When Dame and I finally made our way into the school auditorium, it was standing room only. The noise was so loud, Dame had to take the microphone himself to get everyone settled down. I was standing on the stage beside him. Evan and Mr. Williams were a few steps away.
While I'd sung in front of crowds at the church and traveled with the choir to places where audiences were twice as large, knowing so many people were watching and filming made me nervous. Was I standing too close to Dame? Too far away? Was my hair messed up? Should I have let the woman do my makeup? Did I look shiny? Did I sound crazy? And pretty soon, I had so many questions that I just wondered, Why am I on this stage?

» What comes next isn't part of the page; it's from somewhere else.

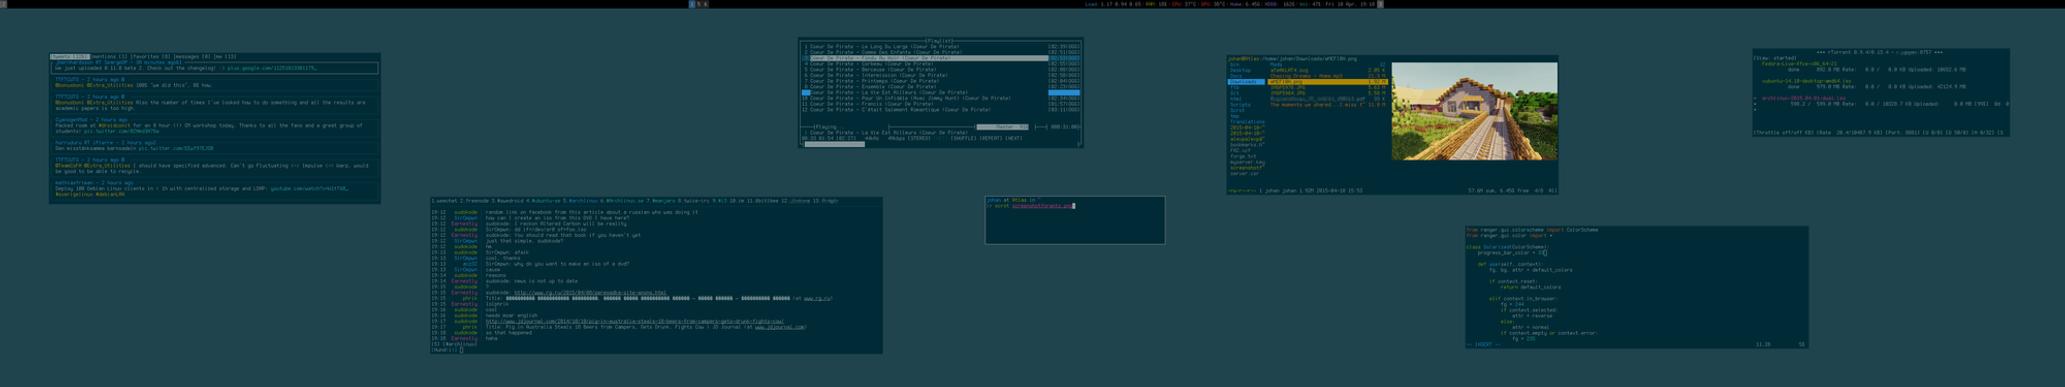 My Desktop - April 2015 by hundone

“I'm one of you,” Dame said when he finally got all the kids to sit down and relax just enough so he could speak. “I'm not from the ‘dirty'; I'm from the dirt. Where folks got less than nothing. Got to go outside and eat fruit all day because that's the only thing that grows free in your grandmama's yard. I know some of y'all know what I'm talking about.” Their eyes locked on Dame, the students grew quiet. I'd never seen them so focused.

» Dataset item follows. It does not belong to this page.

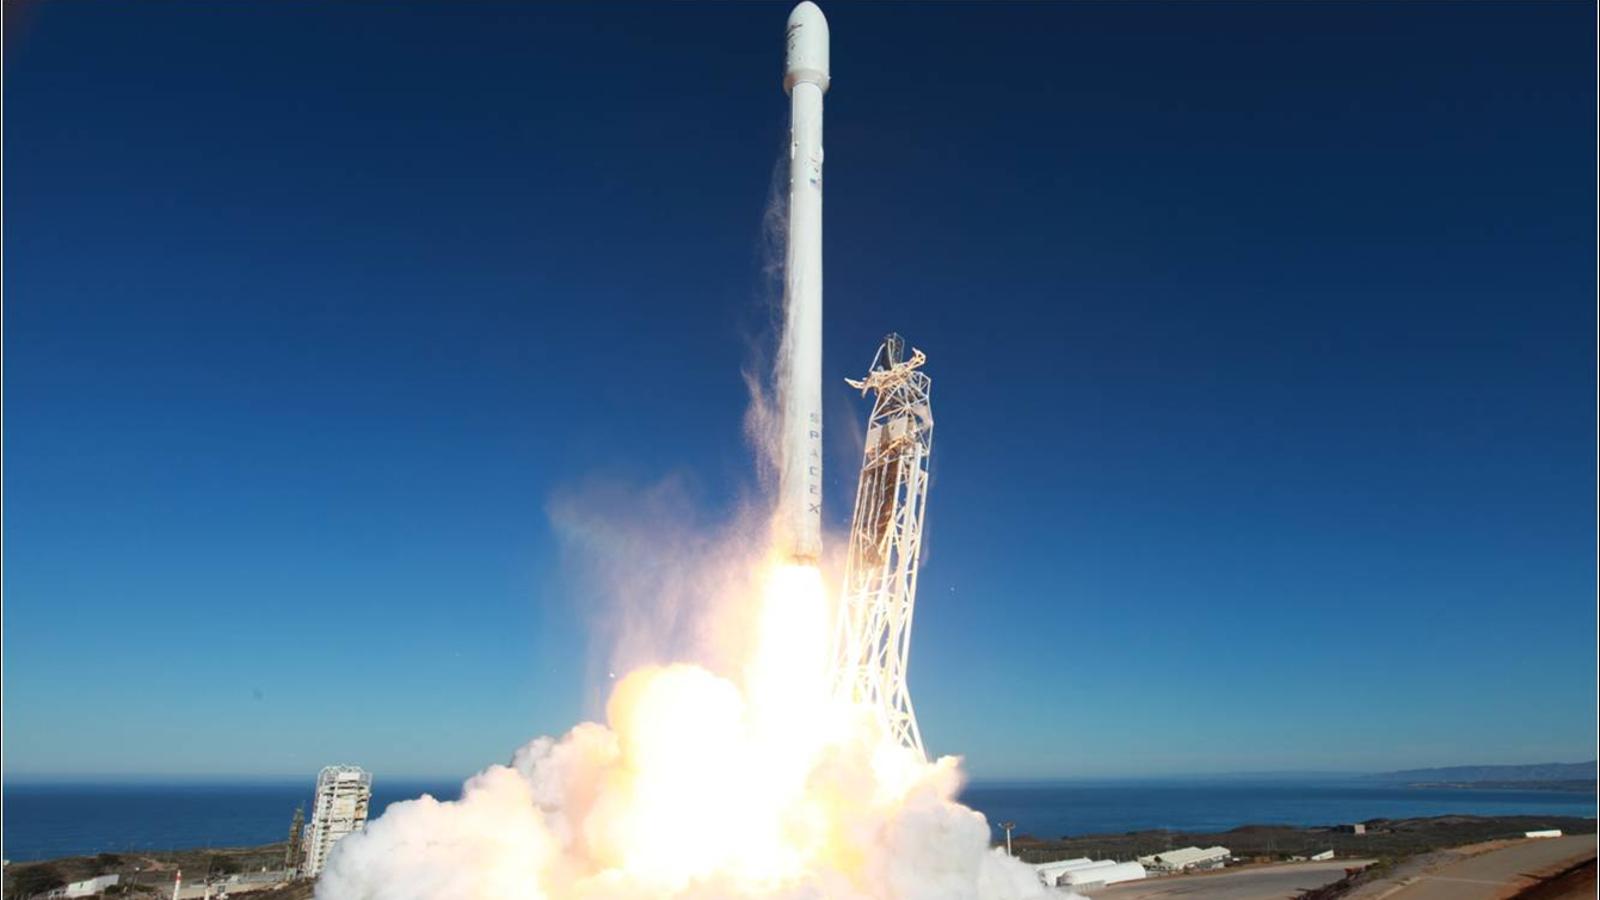 Fracasa el aterrizaje del cohete Falcon 9 sobre una plataforma flotante

“And when that fruit runs out ... when them collards run out,” he went on, “you're fast to do anything to feed yourself—to feed your family. And you know it's wrong, but you're hungry. Ain't nothing worse than being hungry. I ain't talking about the clothes you wear or the car you drive. Where you live. I'm talking about being hungry. And when my stomach was empty, I used to dream about someday just doing anything. Anything somebody would let me do. A garbage man. Anything. So I wouldn't have to be hungry no more. But ain't nobody give me a chance, so I went out in the street. And when that ran out, when folks started getting popped and the game got real bloody, I realized I wasn't no street dude. Not really. I realized that I had to hustle to live for myself. So I could be Dame. Not what the world expects me to be.”
“We love you, Dame,” a girl cried out from the crowd.

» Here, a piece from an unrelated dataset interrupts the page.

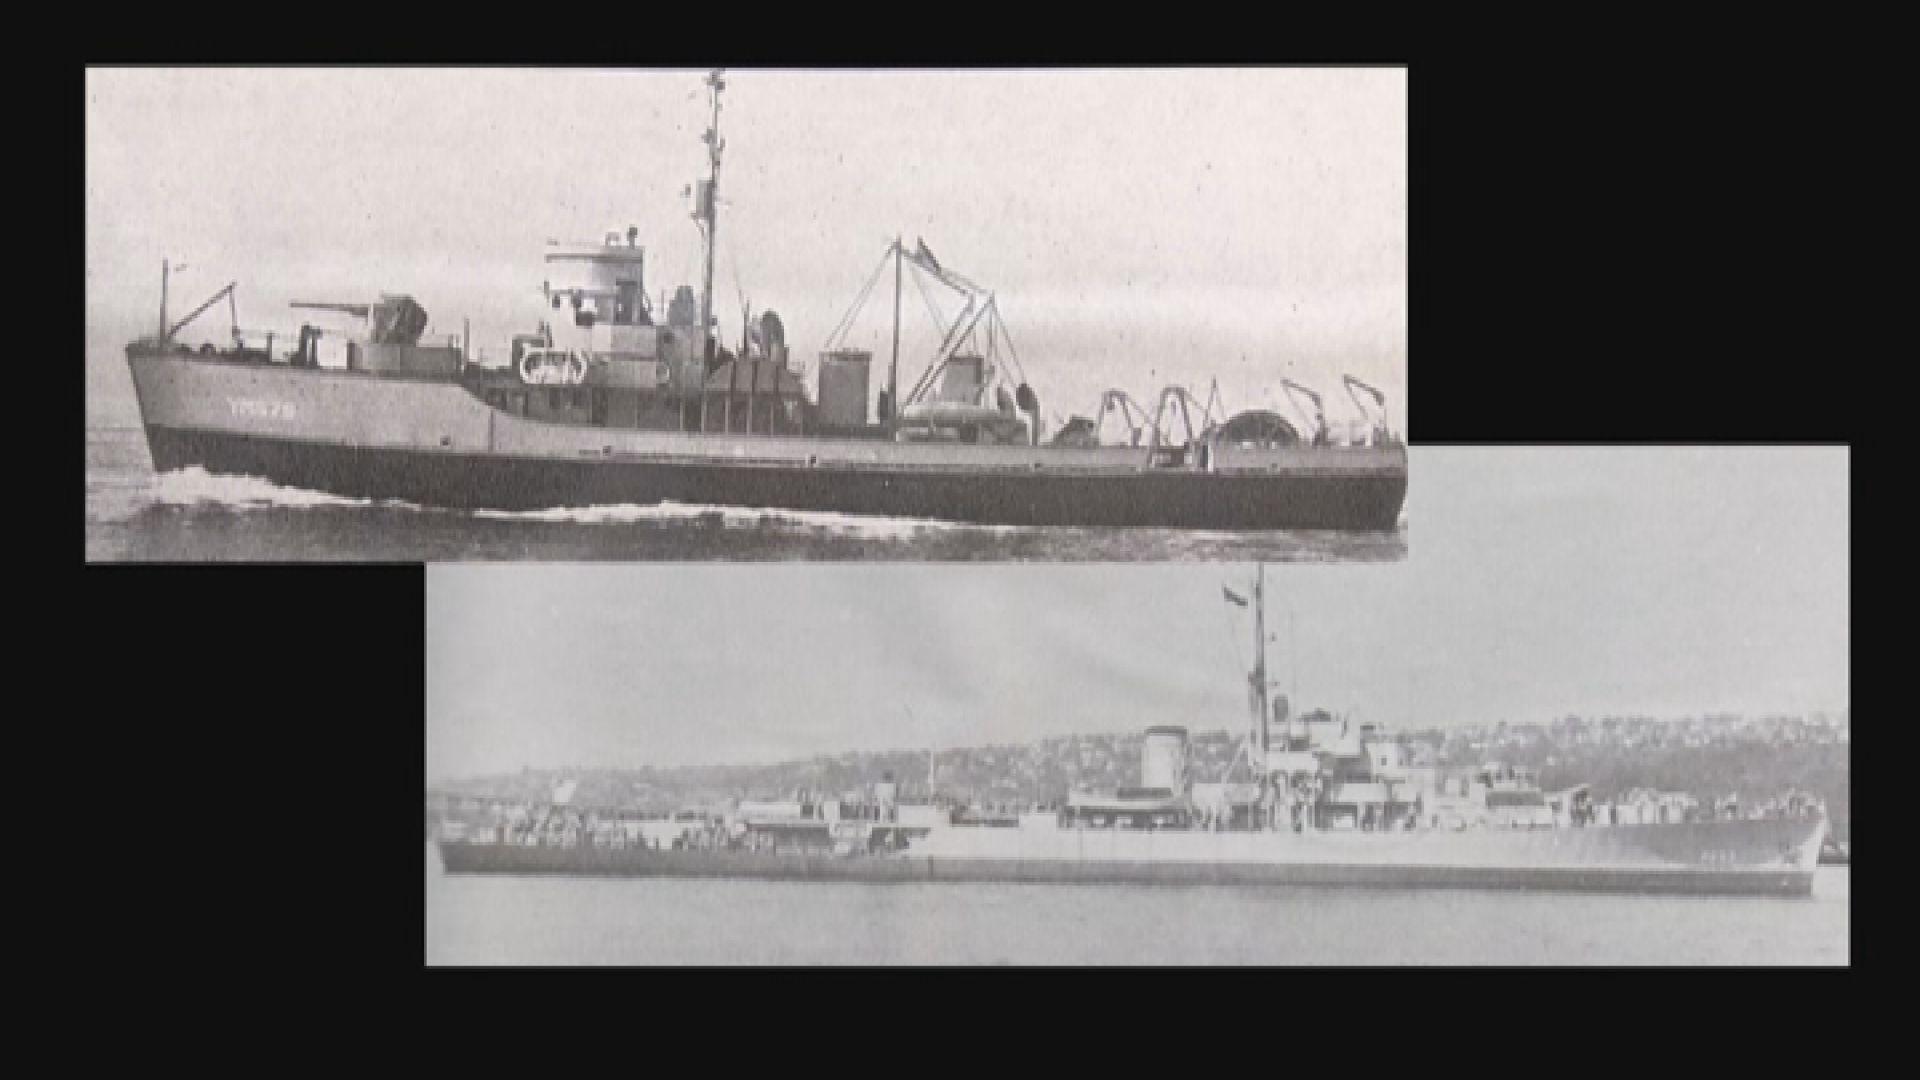 アメリカがソ連に貸与した艦船

“And I love you back,” he said and the auditorium filled with the sound of laughter and screaming girls. “And I love you so much that I'm giving this school, my school, a little bit of what I got out of hustling for myself. This money I'm giving is just for you. So you don't have to be hungry in your school. So you don't have to want someone to let you be anything. So you don't have to get in the drug game and lose respect for your community and keep bringing us down.”